# The problem:
Make an exact copy of the listing below. Pictures stay out of it.

# Provided data:
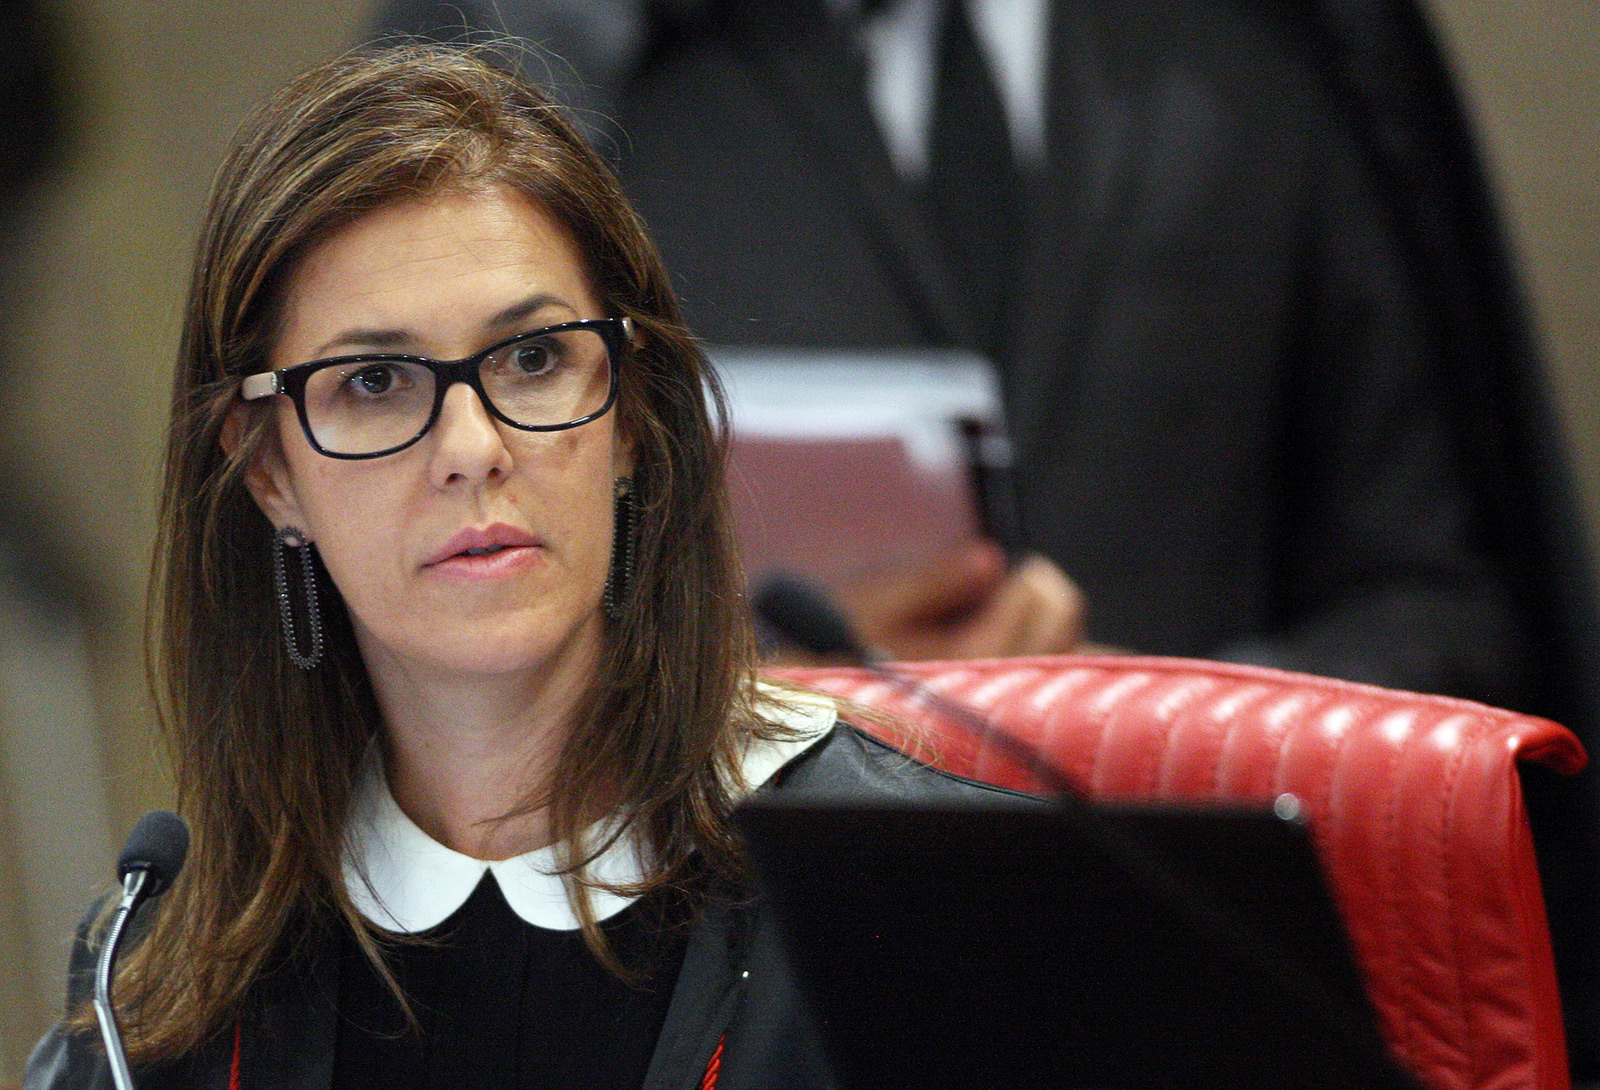 A advogada e ex-ministra do TSE Luciana Lóssio. Foto: Nelson Jr / TSE
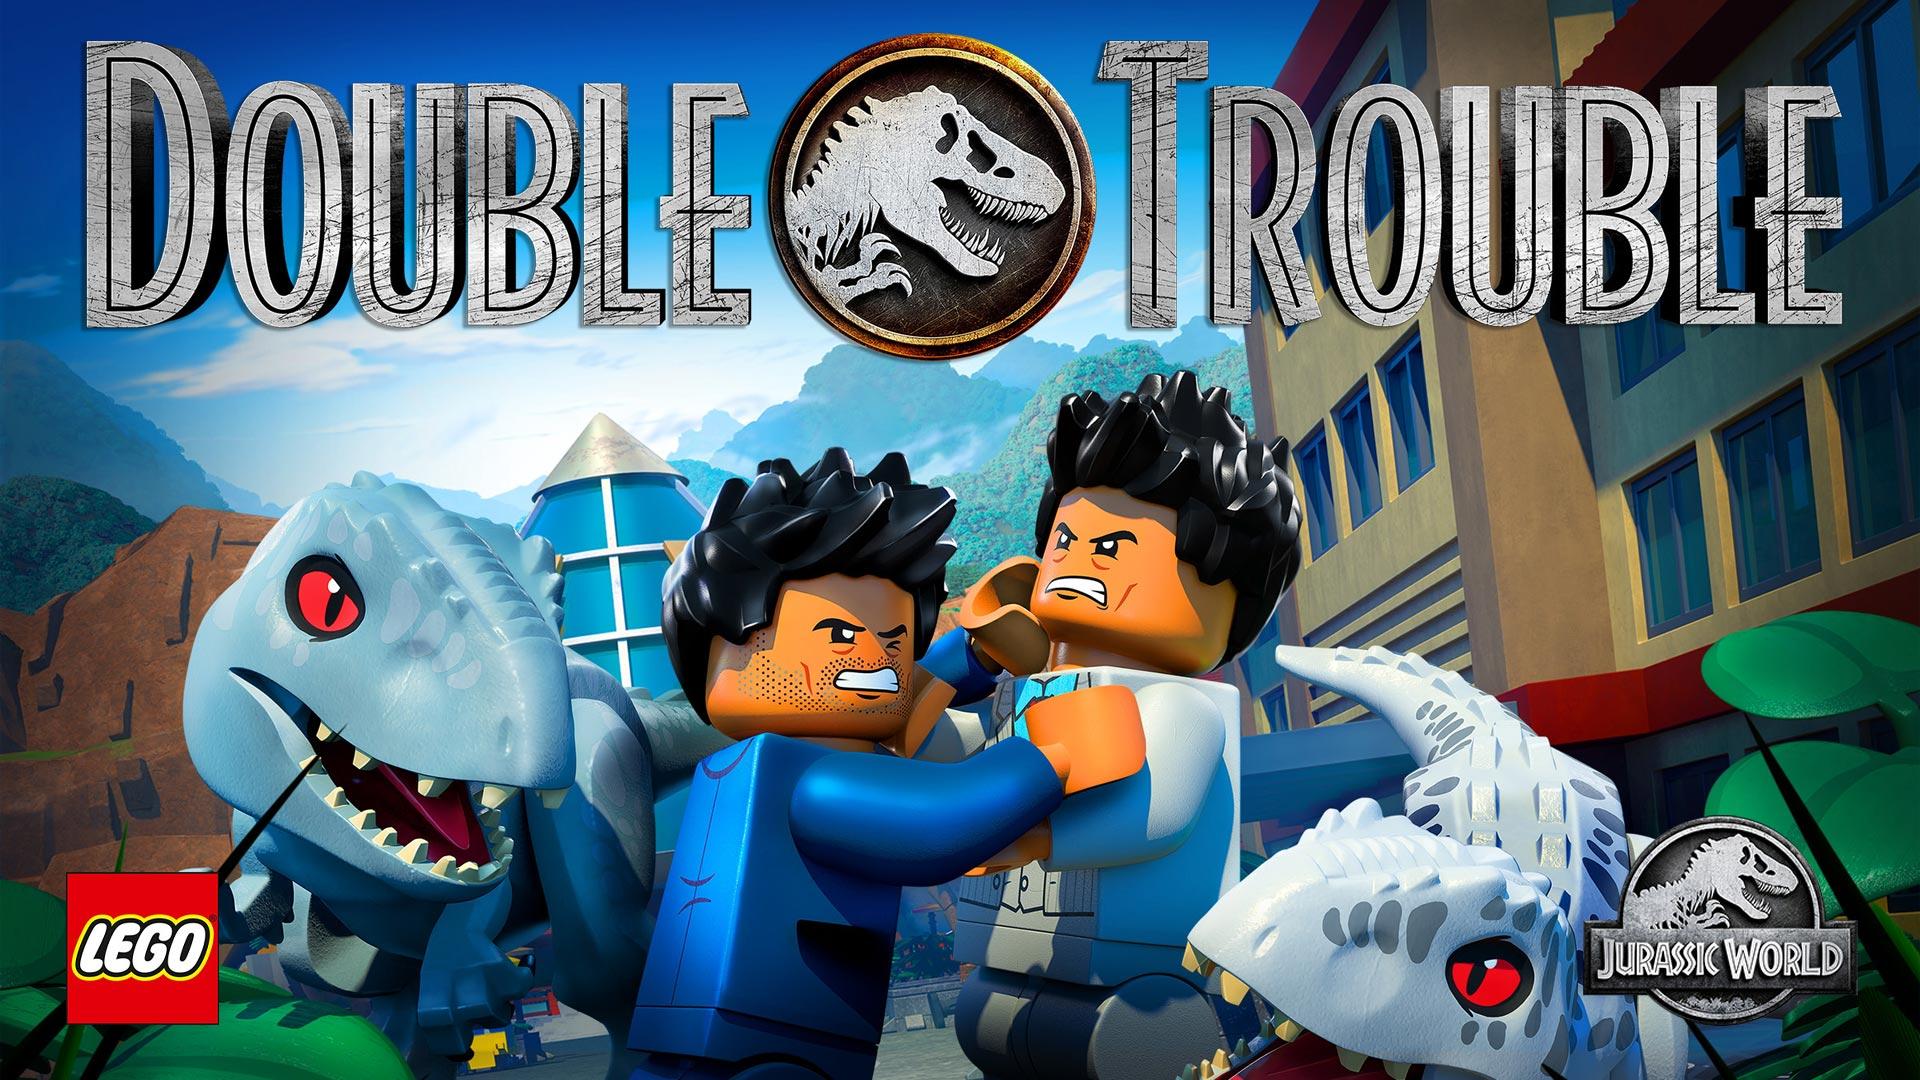 Lego Jurassic World: Double Trouble, Season 1
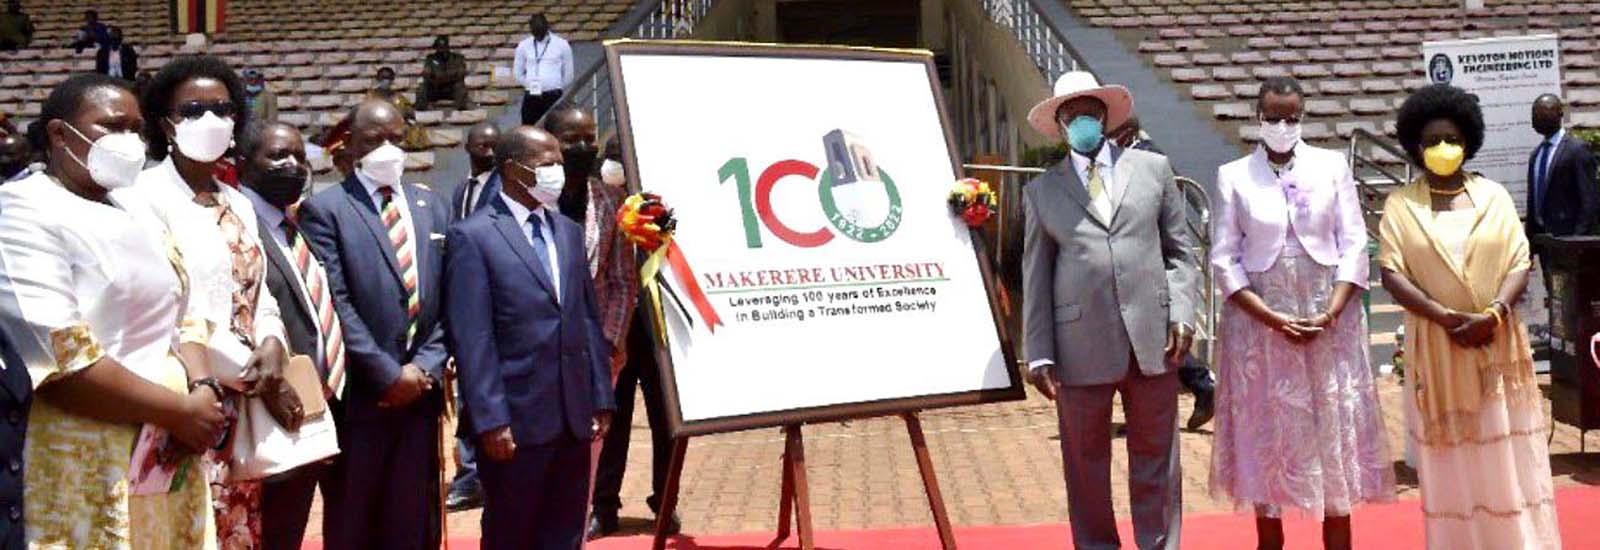 President Launches Mak@100 Celebrations

# Exercise result:
 A advogada e ex-ministra do TSE Luciana Lóssio. Foto: Nelson Jr / TSE
 Lego Jurassic World: Double Trouble, Season 1
 President Launches Mak@100 Celebrations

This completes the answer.